How to beat jet lag is something that’s absolutely worth every traveller having in their bag of tricks, especially so you can make the most of your travels. Alas, it’s also one that, can sometimes prove the trickiest to master. (*Tricky but not impossible! 😉)
A little over a week ago, I was in the throes of what has got to be the worst jet lag I’ve ever experienced. Ironically, I did everything I could (within reason) to try to pre-empt it and avoid it.
I upgraded my plane tickets so I could sleep on the long-haul flights, I tried changing my sleeping patterns a few days before so I could arrive on the local sleeping pattern, I cleared out a whole day for sleeping (and intermittent TV watching) to help me rest from all the travelling and yet, I still ended up being well and truly jet lagged.
That particular stream of jet lag was so strange in that it followed no pattern. Usually when I’m jet-lagged, I get tired at specific times of the day – usually, at times I would normally go to bed in my previous time zones. With this one – I would end up sleeping at 3am, waking up at 8am, then falling asleep at 11.30am (27.5 hours later), waking up at 8pm and then going to bed at 1am and waking up at 4am. It was ridiculous!

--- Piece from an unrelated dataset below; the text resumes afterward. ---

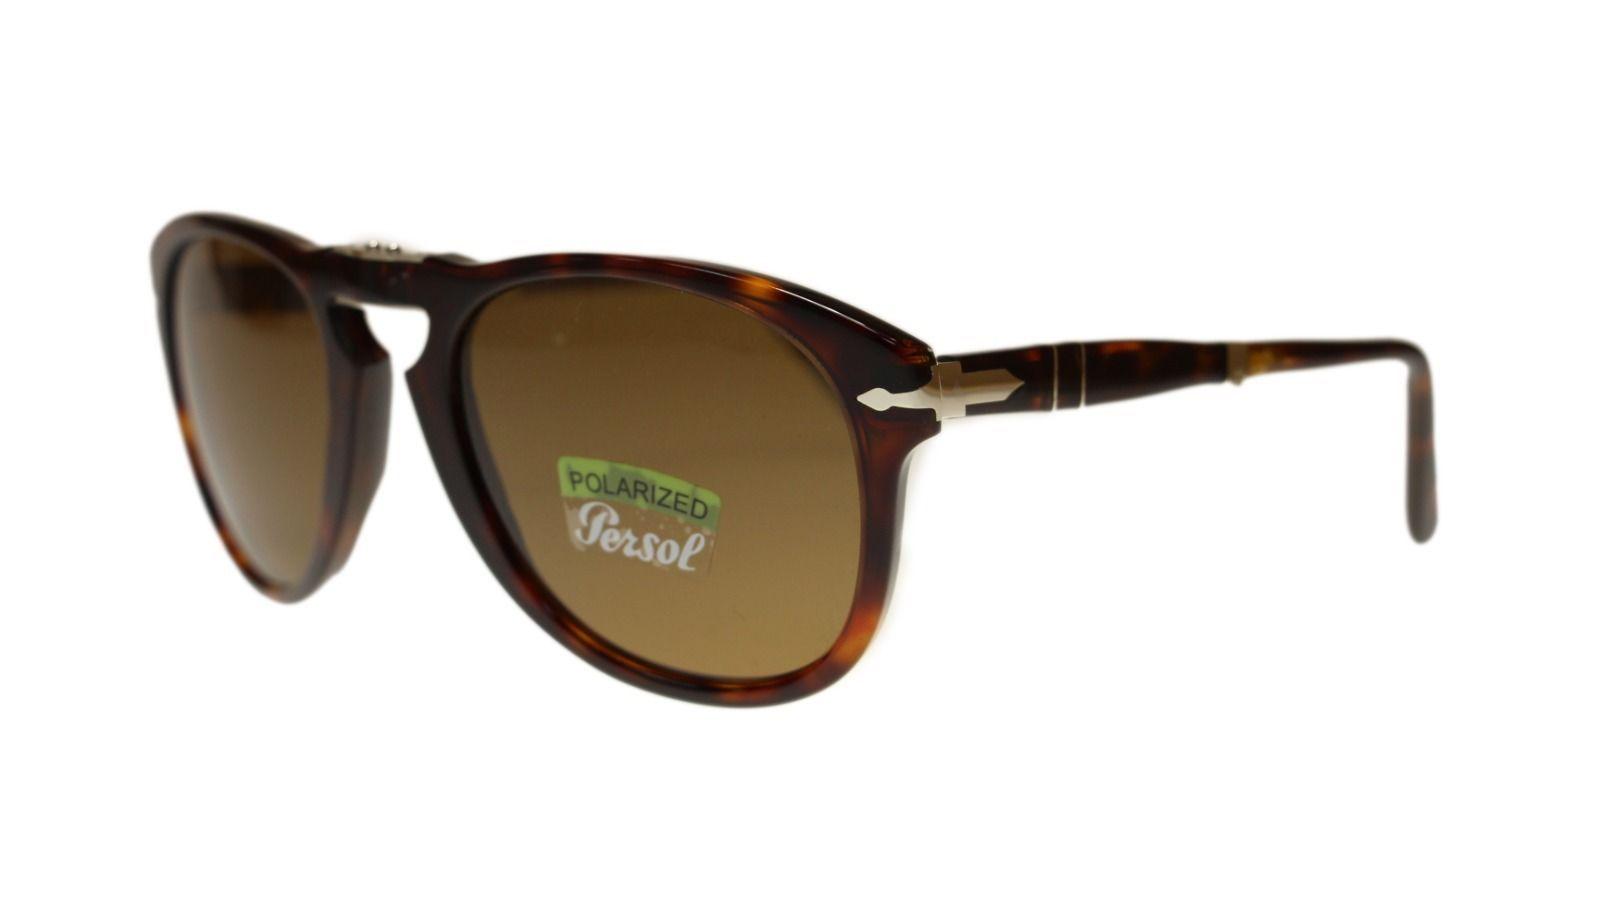 b50189c2b00 S l1600. S l1600. Previous. Persol Mens Sunglasses PO714 24 57 Havana Brown  Polarized Aviator 54mm Authentic. Persol Mens Sunglasses ...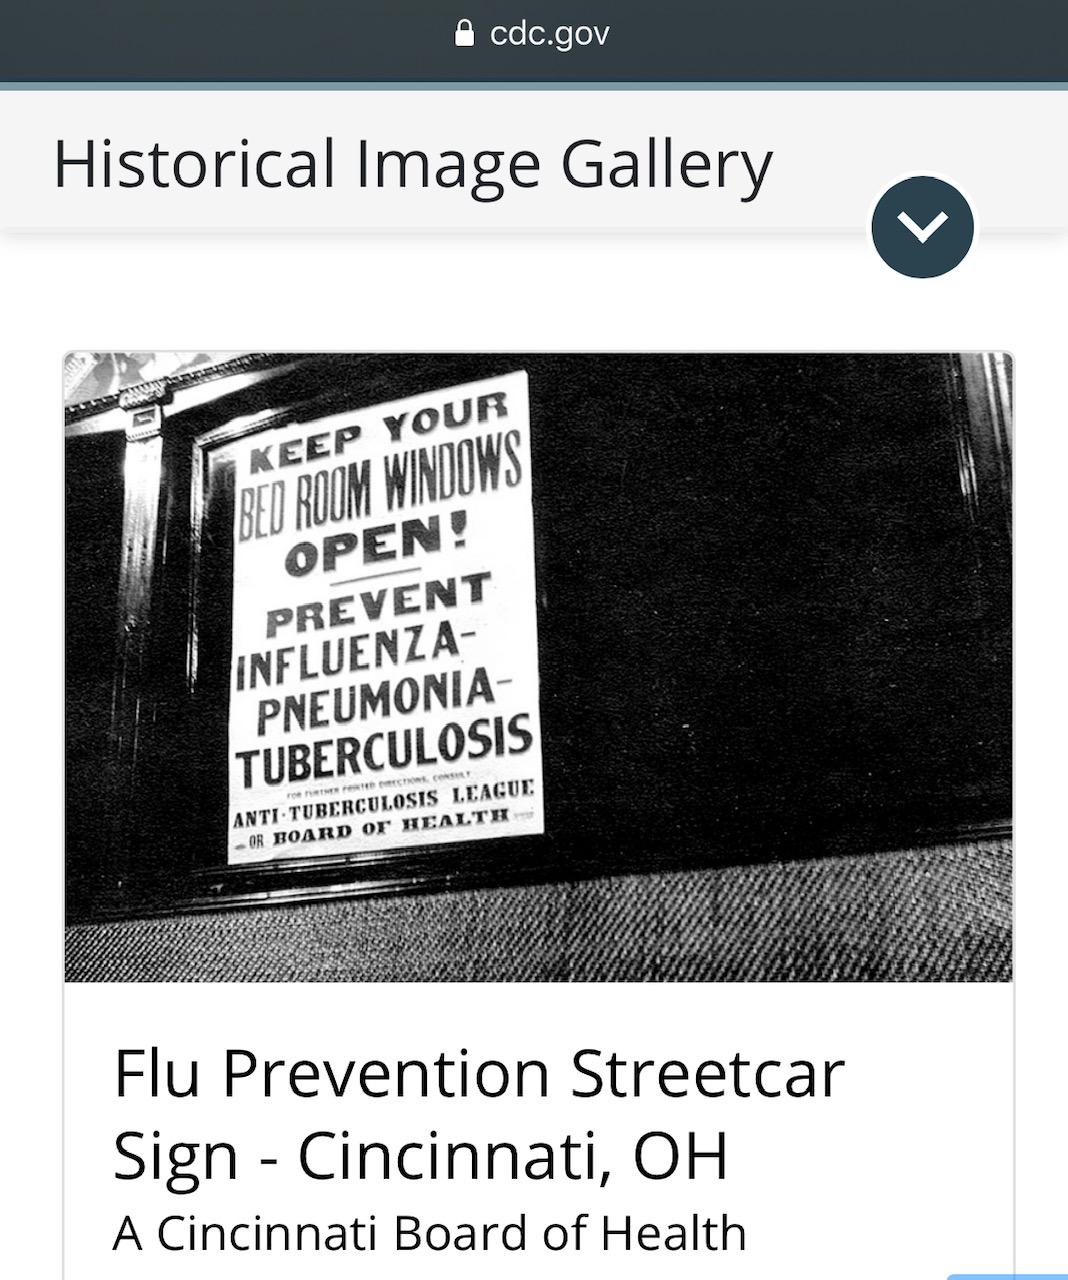 CDC photos on epidemic

It also kinda made sense. After a month in Canada, I’d been in the UK for a few days and then moved on to Thailand for over a week. There was almost a 14 hour time difference between where we were in Canada and Thailand. jet lag like that was always bound to be awkward.
Suffice to say, I’d let all my ‘seasoned’ jet lag experience escape me for those few days and just tried to ‘wing it’. It wasn’t until I consciously sat down and planned to deal with it that I finally managed to wrangle myself out of jet lag and into ‘regular time’.
With the reminder of how terrible jet lag can truly be, I just wanted to share with you a few things to help you fight your jet lag when it happens to you.
1.) Set yourself a routine.
This is probably the best thing to help you get out of your jet lag funk.
Don’t get me wrong, having to go to work on a Monday morning after a 2-week vacation in Hawaii/The Maldives/Insert-Your-Dream-Destination-Here might not be something you’re looking forward to but it actually does help force you back into a routine.
This helps you set boundaries for your sleep and gets your right back on track. Just a bit of a heads up – this will involve a few days of feeling absolutely knackered so it’s not enough to do just on its own. There are a few extra things below to do in addition to having this routine.
2.) Stay awake as long as you possibly can in your current time zone and then sleep for as long as you can when you go to bed.
It’s as simple as that really. If you arrive in the evening/late at night – it’s pretty easy. Just go to bed straight away. Chances are you’ll be tired from your travel anyway.
If you arrive in the morning/afternoon, well then you better find yourself the strongest coffee possible, strap on your walking shoes and head out exploring till later that evening.
Don’t worry, with this second scenario, you are allowed to go to bed ‘early-ish’ (this meaning anytime from around 8pm). You’ll be so knackered by the time you go to bed that you’ll end up sleeping for much longer than normal and not only wake up refreshed, you’ll also wake up bright and early in the morning – fresh and ready to explore the destinations you’re in!
3.) Know that it will take some effort somewhere.
No point pretending that beating jet lag is easy. It really isn’t.
Caffeinate if you have (perhaps more so when you get back home on your normal routine). Go on long walks to stay awake if you have to. Sit in an upright chair instead of cosying up in bed if you need to. Point is, jet lag won’t just ‘go away’ itself.
It will take some effort on your part to have to get rid of it and the sooner you recognise and allow for this, the sooner you start to get rid of it.
4.) Sleep as much as possible.
The most frustrating symptom of jet lag has got to be the constant tiredness that follows you around either from getting too little sleep or from your body feeling like you need to get to sleep.
Whatever the cause is, be sure to leave yourself with ample time to sleep. This is no time no curtail on sleep (which sounds contradictory to the 2nd point above but actually isn’t – the 2nd point above involves postponing sleep till appropriate, not cutting it short).
Also, when it all boils down to it – your body needs sleep for you to function properly. You are so much better off being well rested but in the wrong time zone (sleep-wise) than being in the right time zone and being constantly exhausted all the time.
5.) Give yourself time to get over it.
When you arrive wherever you’re going – especially so when you get back home, set aside a few days to help you deal with jet lag.
Don’t try rushing back to work the very next day after you’ve been halfway across the world for 2 weeks. I know this one might be a trickier one to muster – due to having limited holiday time off work but wherever possible, factor this into your plans and leave yourself with a couple of days after you get back home (depending on how extreme the time difference is) to rest and fight your jet lag – or even just to sleep properly before you throw yourself fully into your daily routine.